========================
Fourier Neural Operators
========================


This page (which takes about 10 minutes to read), introduces the Fourier neural operator that solves a family of PDEs from scratch.
It the first work that can learn resolution-invariant solution operators on Navier-Stokes equation,
achieving state-of-the-art accuracy among all existing deep learning methods and
up to 1000x faster than traditional solvers.
Also check out the paper https://arxiv.org/abs/2010.08895 and article
https://www.technologyreview.com/2020/10/30/1011435/ai-fourier-neural-network-cracks-navier-stokes-and-partial-differential-equations/


Operator learning
=================

Thinking in continuum gives us an advantage when dealing with PDE.
We want to design mesh-indepedent, resolution-invariant operators.

Problems in science and engineering involve solving
partial differential equations (PDE) systems.
Unfortunately, these PDEs can be very hard.
Traditional PDE solver such as finite element methods (FEM) and finite difference methods (FDM)
rely on discretizing the space into a very fine mesh.
And it can be slow and inefficient.

In the previous doc,
we introduced the neural operators that use neural networks
to learn the solution operators for PDEs.
That is, given the initial conditions or the boundary conditions,
the neural network directly output the solution,
kind of like an image-to-image mapping.

The neural operator is mesh-independent,
different from the standard deep learning methods such as CNN.
It can be trained on one mesh and evaluated on another.
By parameterizing the model in function space,
it learns the continuous function instead of discretized vectors.

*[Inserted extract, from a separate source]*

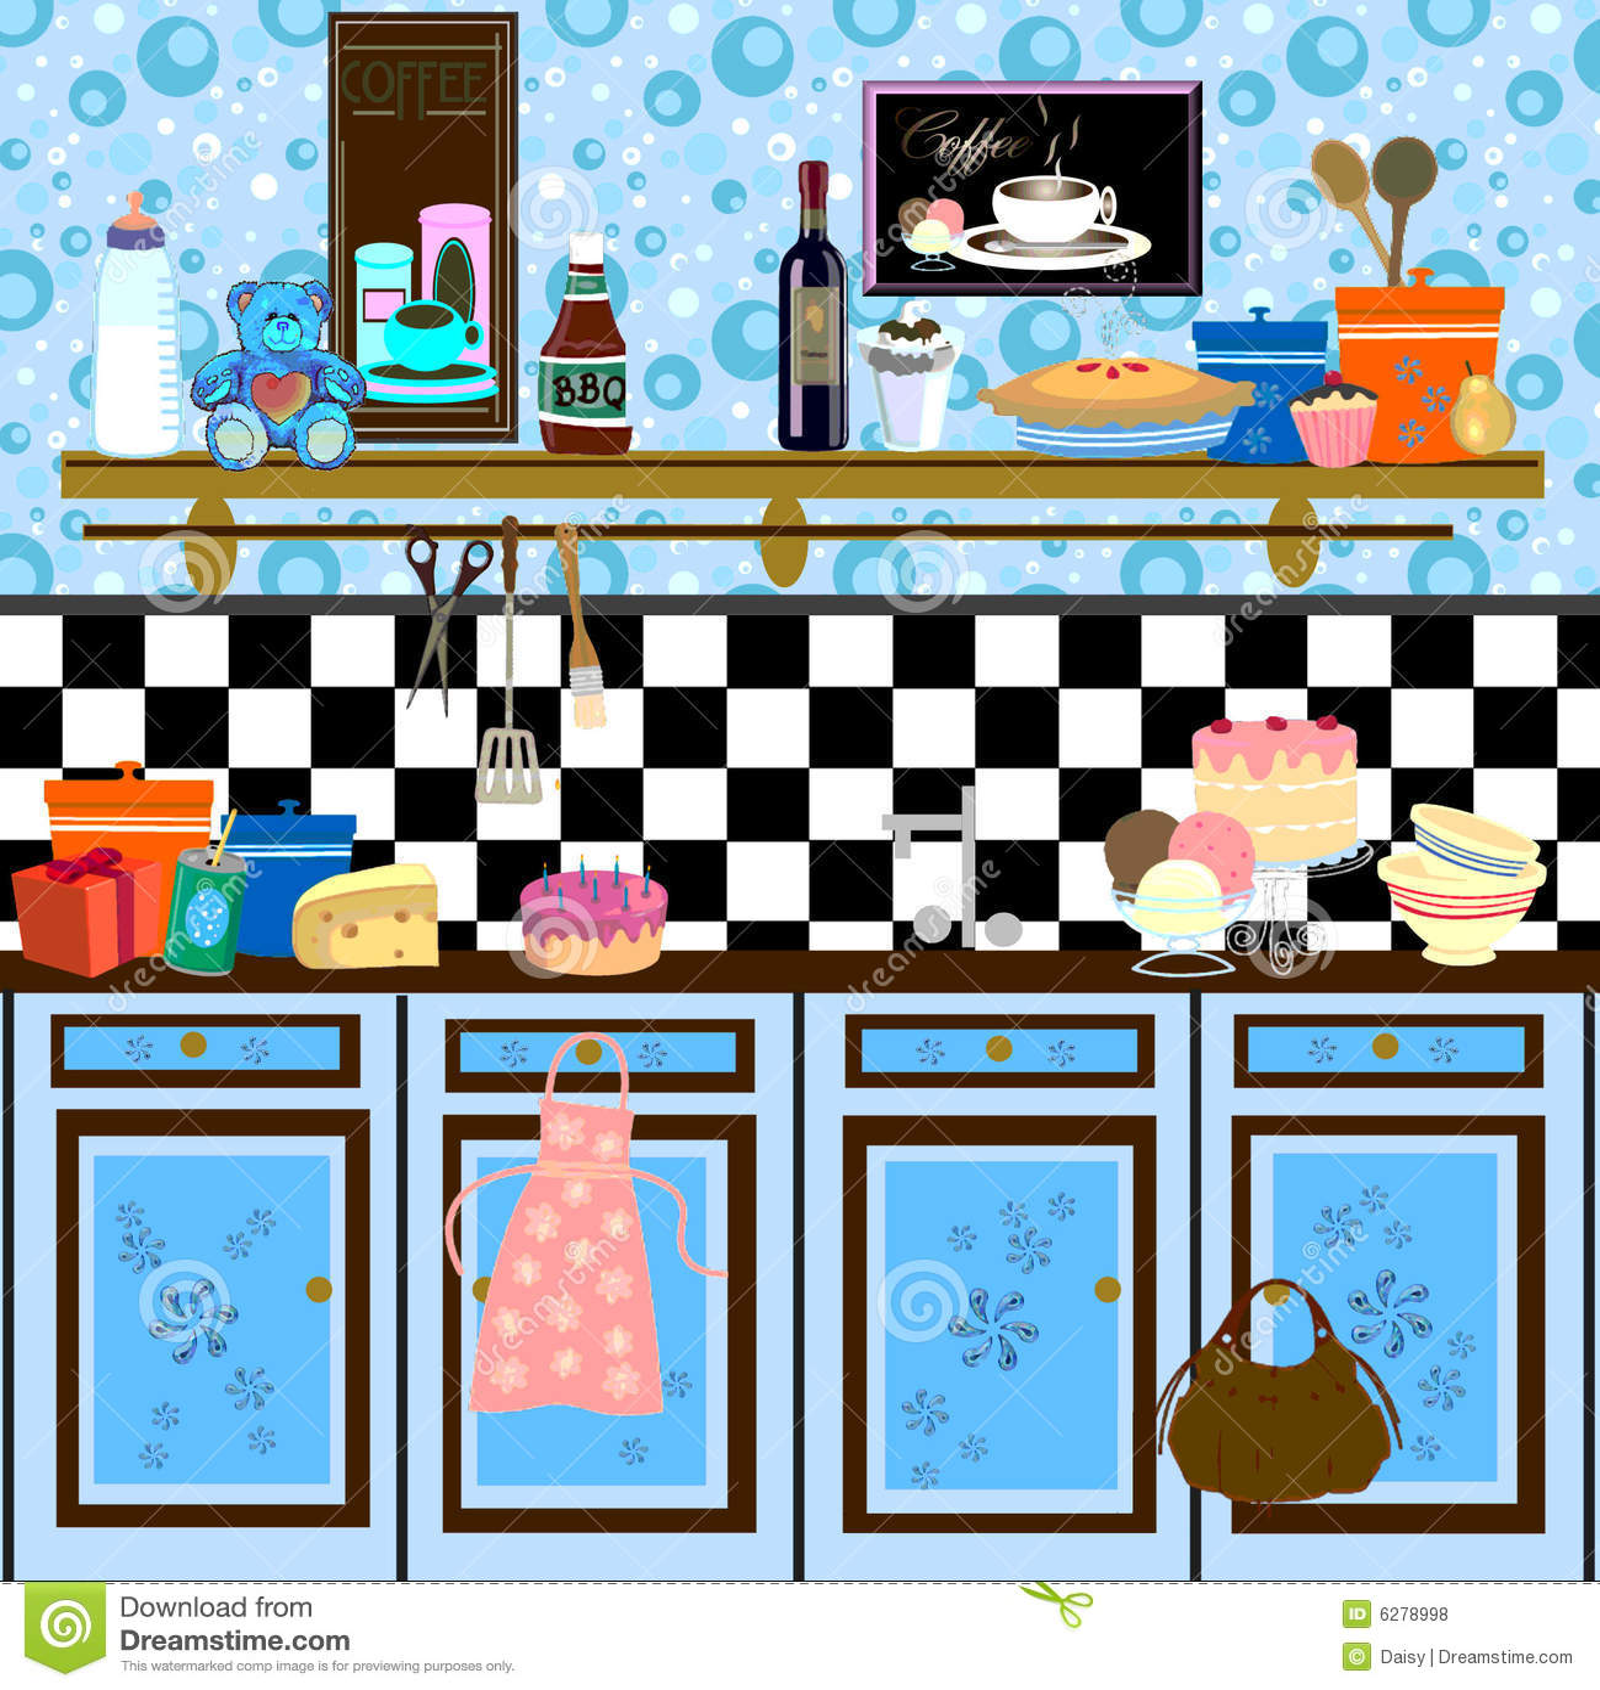 Mais imagens similares de ` Cozinha retro do estilo de país ` #BD4E0E 1300 1390

 ========================================== ======================================
  Conventional PDE solvers                   Neural operators
 ========================================== ======================================
  Solve one instance                         Learn a family of PDE
  Require the explicit form                  Black-box, data-driven
  Speed-accuracy trade-off on resolution     Resolution-invariant, mesh-invariant
  Slow on fine grids; fast on coarse grids   Slow to train; fast to evaluate
 ========================================== ======================================

Operator learning can be taken as an image-to-image problem.
The Fourier layer can be viewed as a substitute for the convolution layer.


Framework of Neural Operators
=============================

Just like neural networks consist of linear transformations and non-linear activation functions,
neural operators consist of linear operators and non-linear activation operators.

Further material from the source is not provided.